Hay resultados que valen más que mil cifras. En Tunjuelito, la mejora del Parque El Virrey Sur redujo la inseguridad. En Chapinero, la intervención en la Quebrada La Vieja despertó conciencia ambiental. Y en Kennedy, la recuperación de los andenes al frente del INEM reforzó la vida en torno a la institución educativa. Son pequeños milagros de barrio que generan sentido de pertenencia y demuestran que la belleza y los resultados concretos estimulan la participación y la creencia en lo que es de todos.
Tan poderosas son las OSP que, en 2022, fueron reconocidas por la Ley 2262, que las elevó como modelo de cultura ciudadana replicable. Y no es casualidad que la reciente convocatoria del Distrito para financiar 40 nuevas obras haya superado las expectativas. Aún hay gente que quiere participar y dejar de ser usuaria frustrada de un Estado lejano para convertirse en ciudadana activa en su propio territorio.
La democracia necesita más que votos. Requiere confianza, pertenencia, sentido del cuidado de lo público. Y en medio de la catástrofe política, eso construye en los andenes, en los parques, en los murales.
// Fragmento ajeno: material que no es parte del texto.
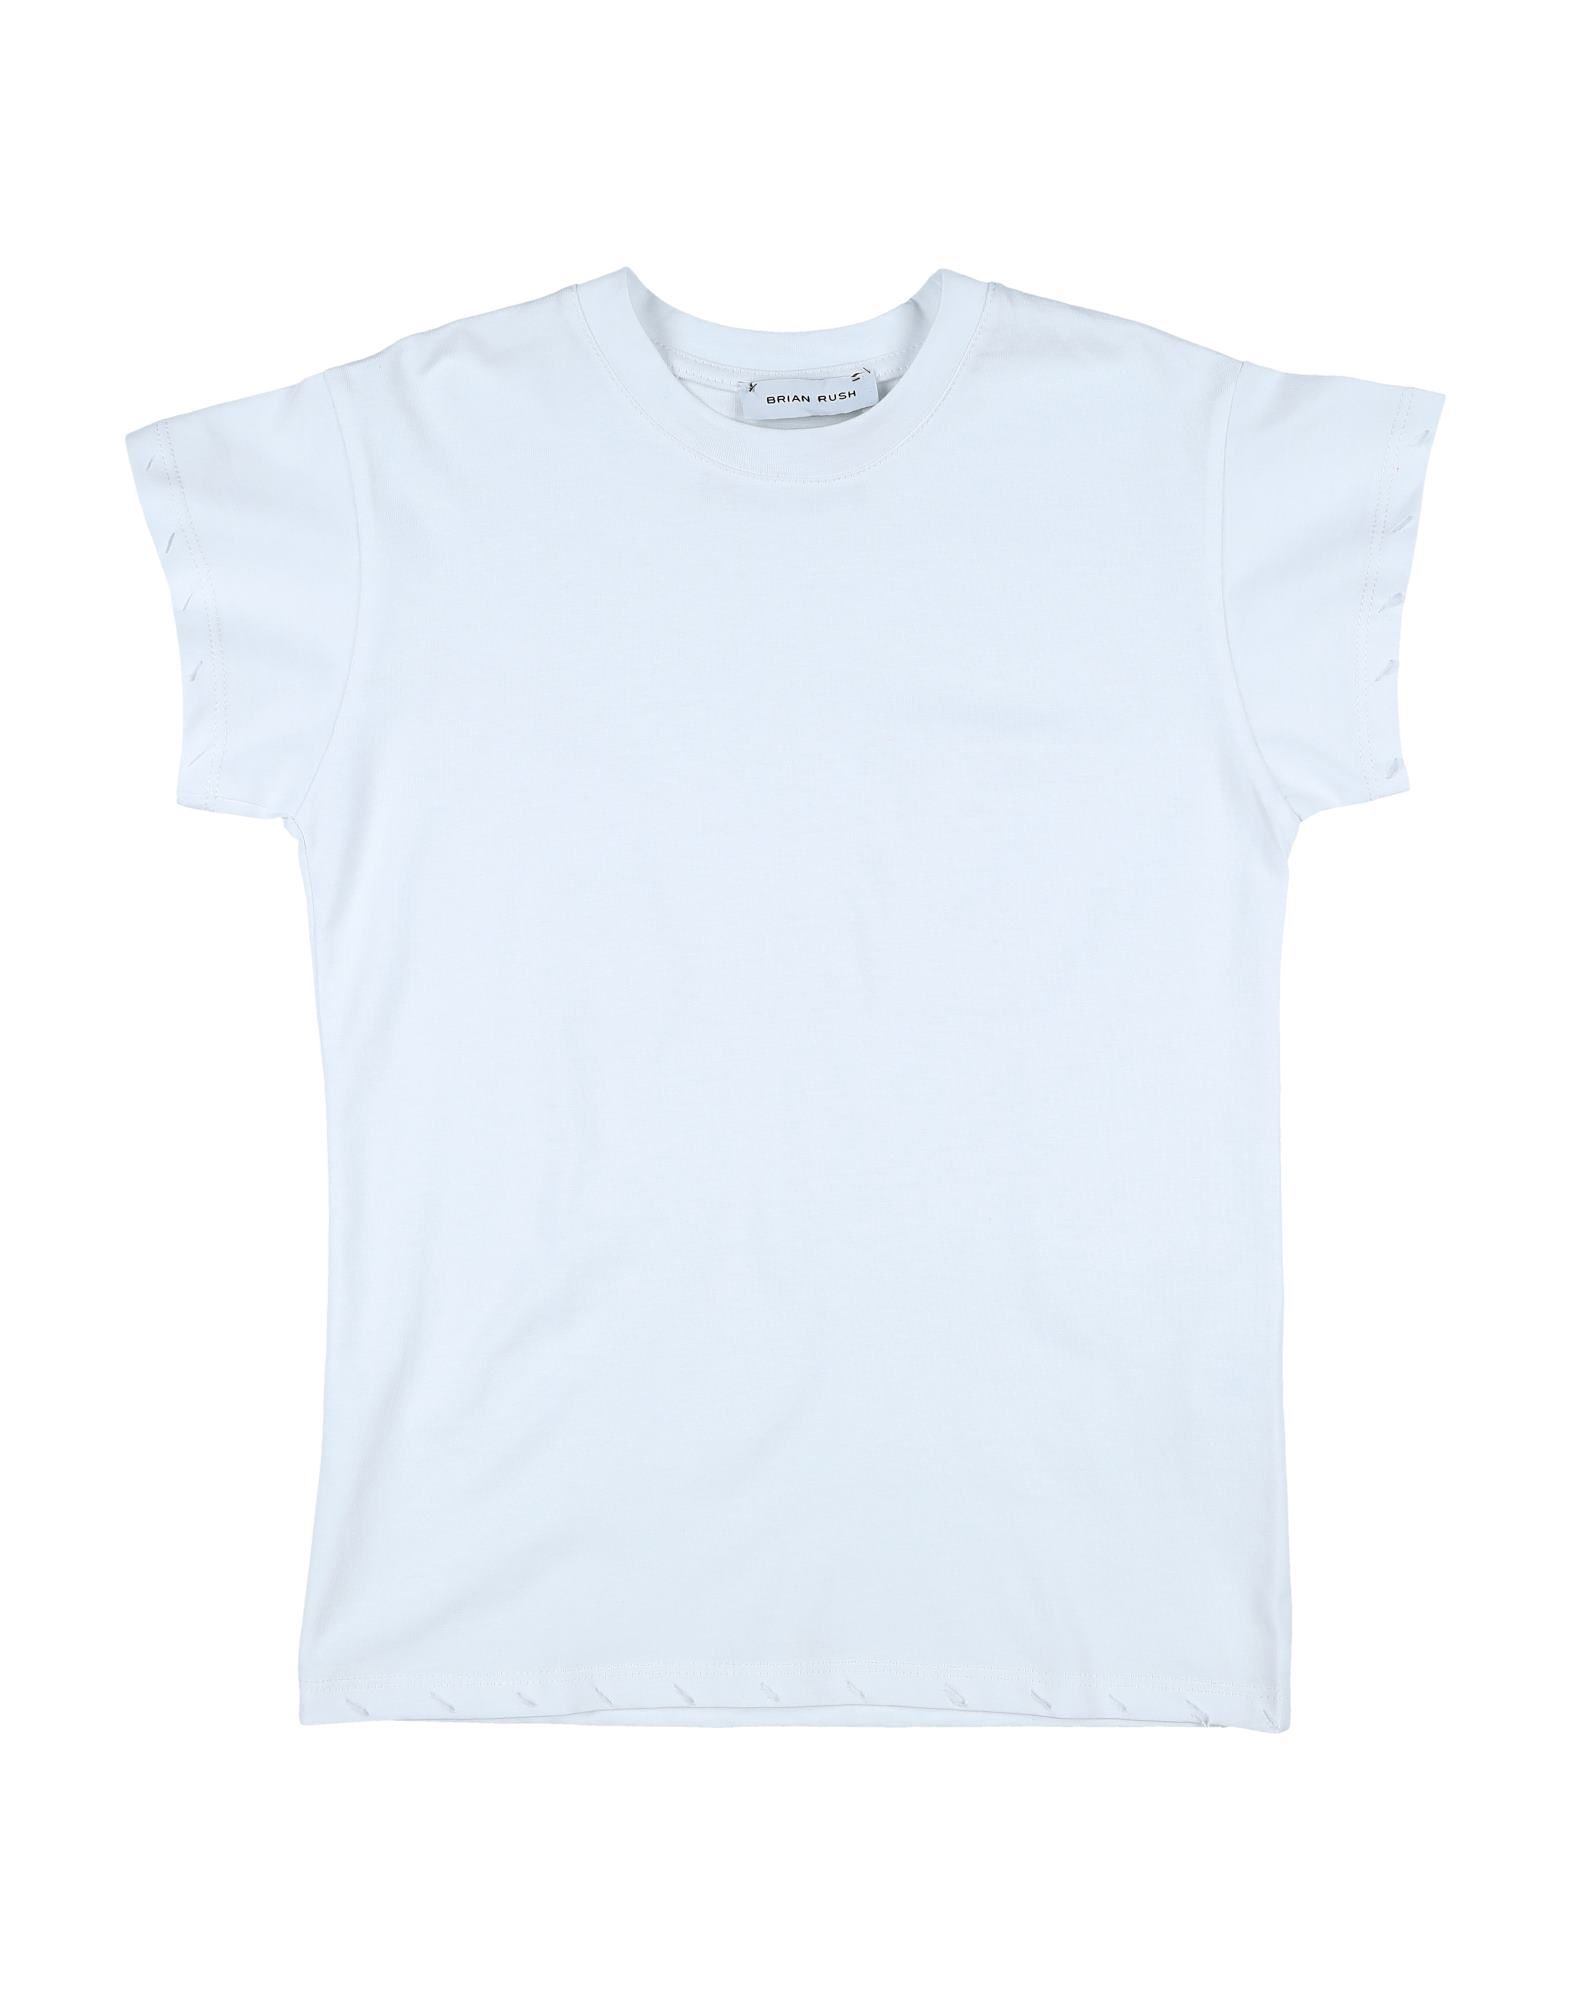 Brian Rush Kids' T-shirts In White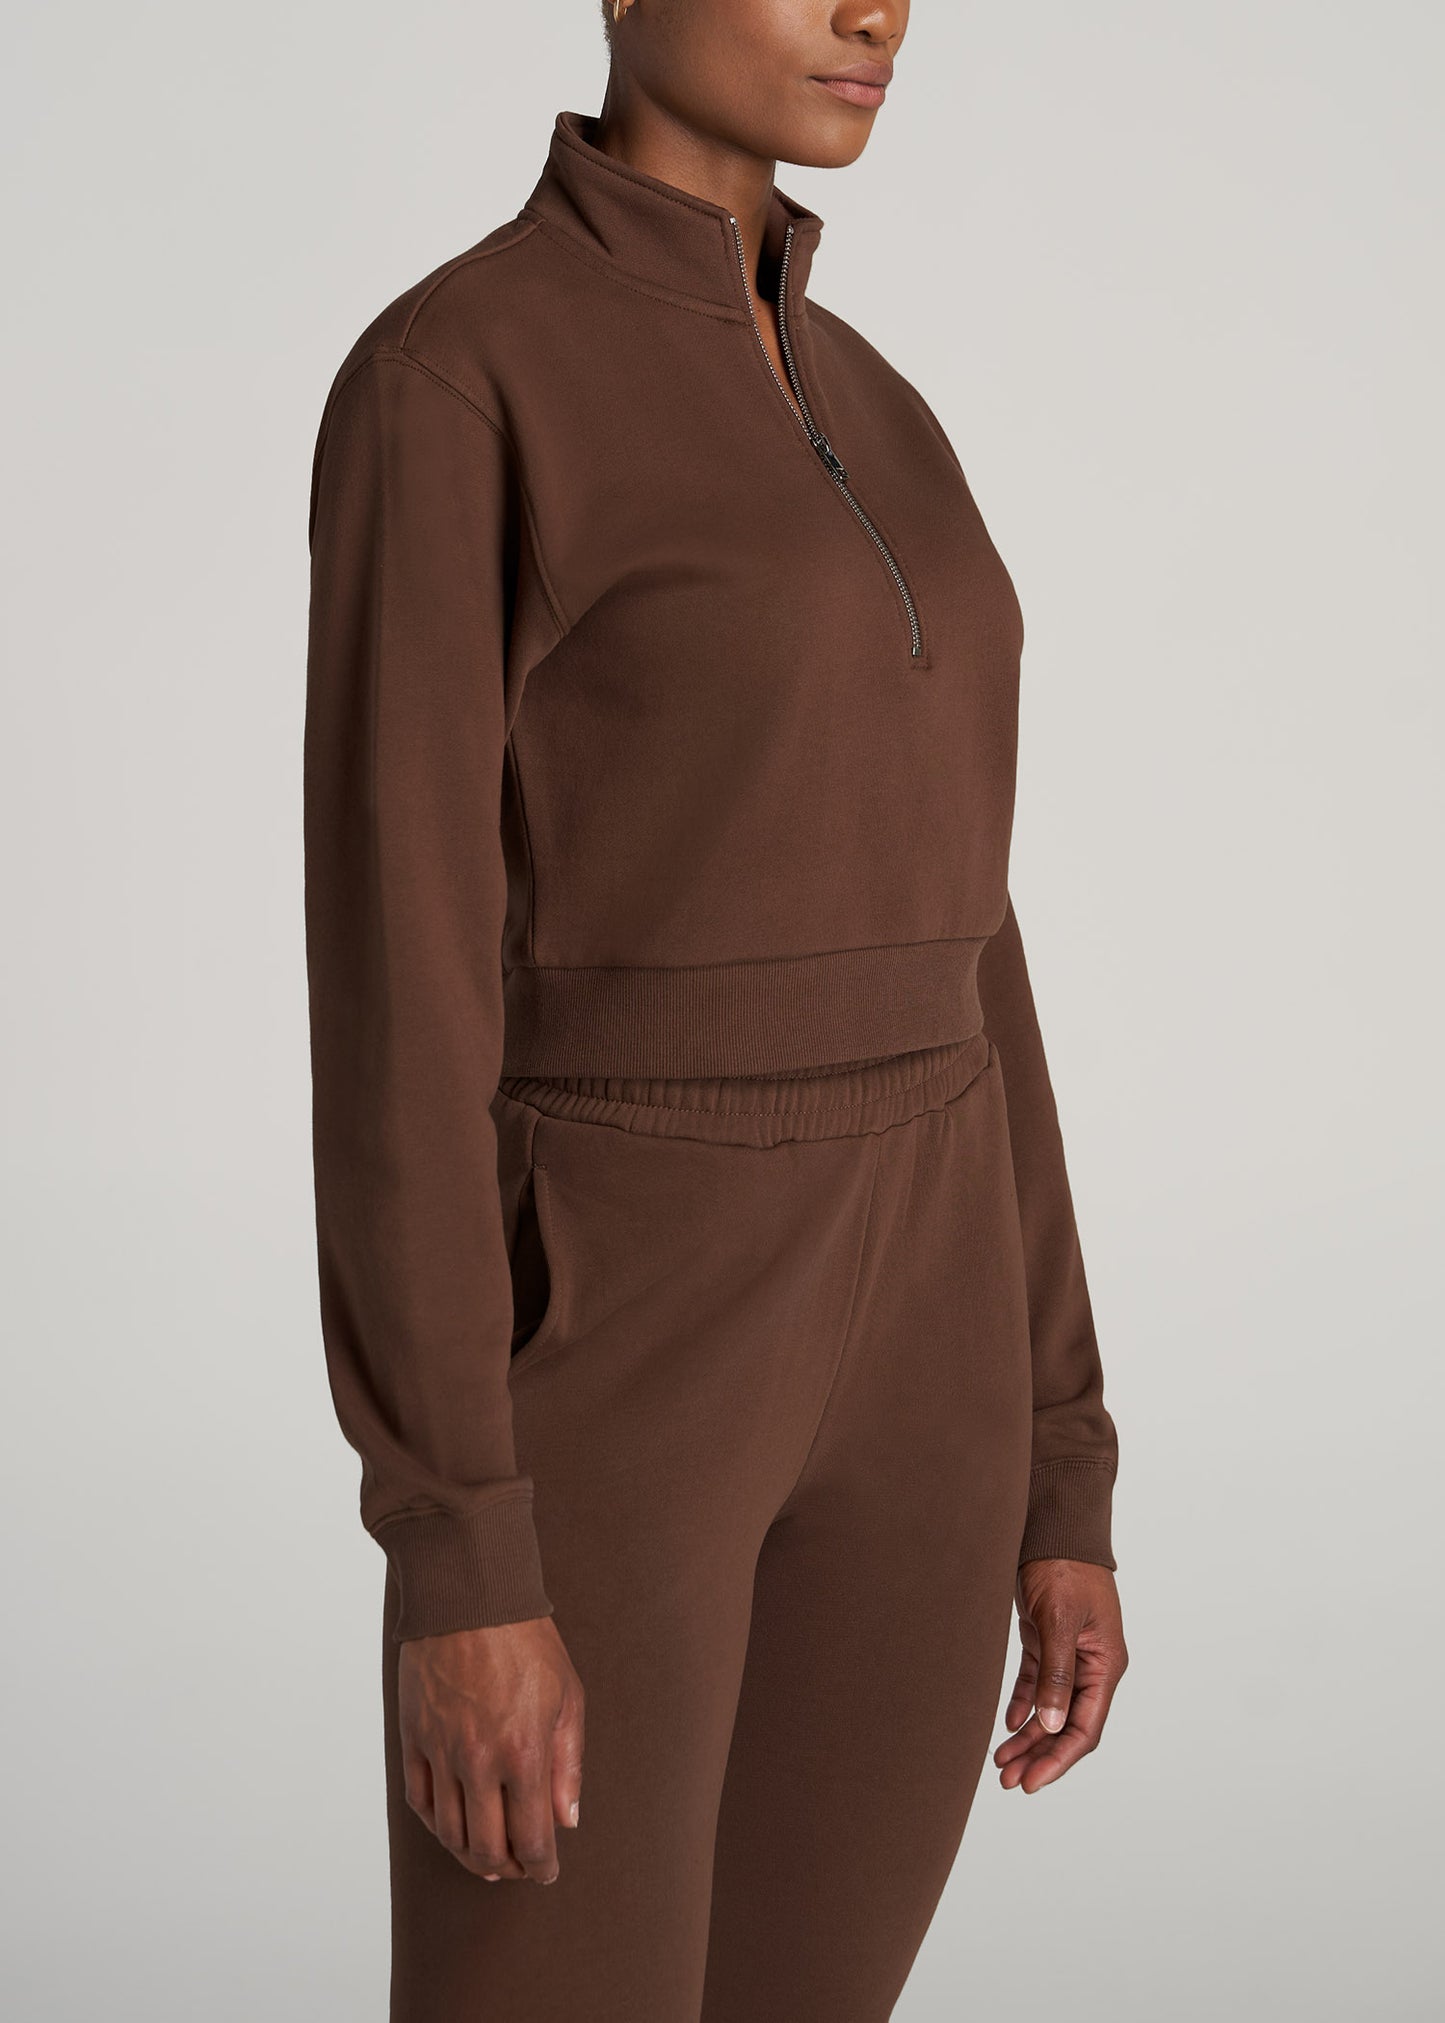    American-Tall-Women-WKND-Cropped-HalfZip-Sweatshirt-Rootbeer-side

Allí es donde la ciudadanía toma forma concreta.
Mientras el presunto orden global se descompone y el pesimismo supera las fronteras, por un lado, y este país se deshace en medio de diagnósticos repetidos y cierres de procesos y verdades que se vuelven a abrir, por el otro, apostar por lo local es estratégico. Es volver a lo básico para recuperar lo esencial. Un árbol sembrado, una calle ordenada, un parque embellecido, pueden cambiar la actitud frente a las instituciones, al menos las cercanas.
Tal vez el mundo no se pueda transformar desde una calle, pero ahí es donde se pueden sembrar semillas de mostaza. Tras cientos de años de historias repetidas, recuperar las interacciones públicas a nivel local es casi la única posibilidad de pelear contra el pesimismo global y nacional. Resistir y participar desde lo esencial es la mejor posibilidad para a una ciudadanía que se activa sólo cuando siente que hay viabilidad.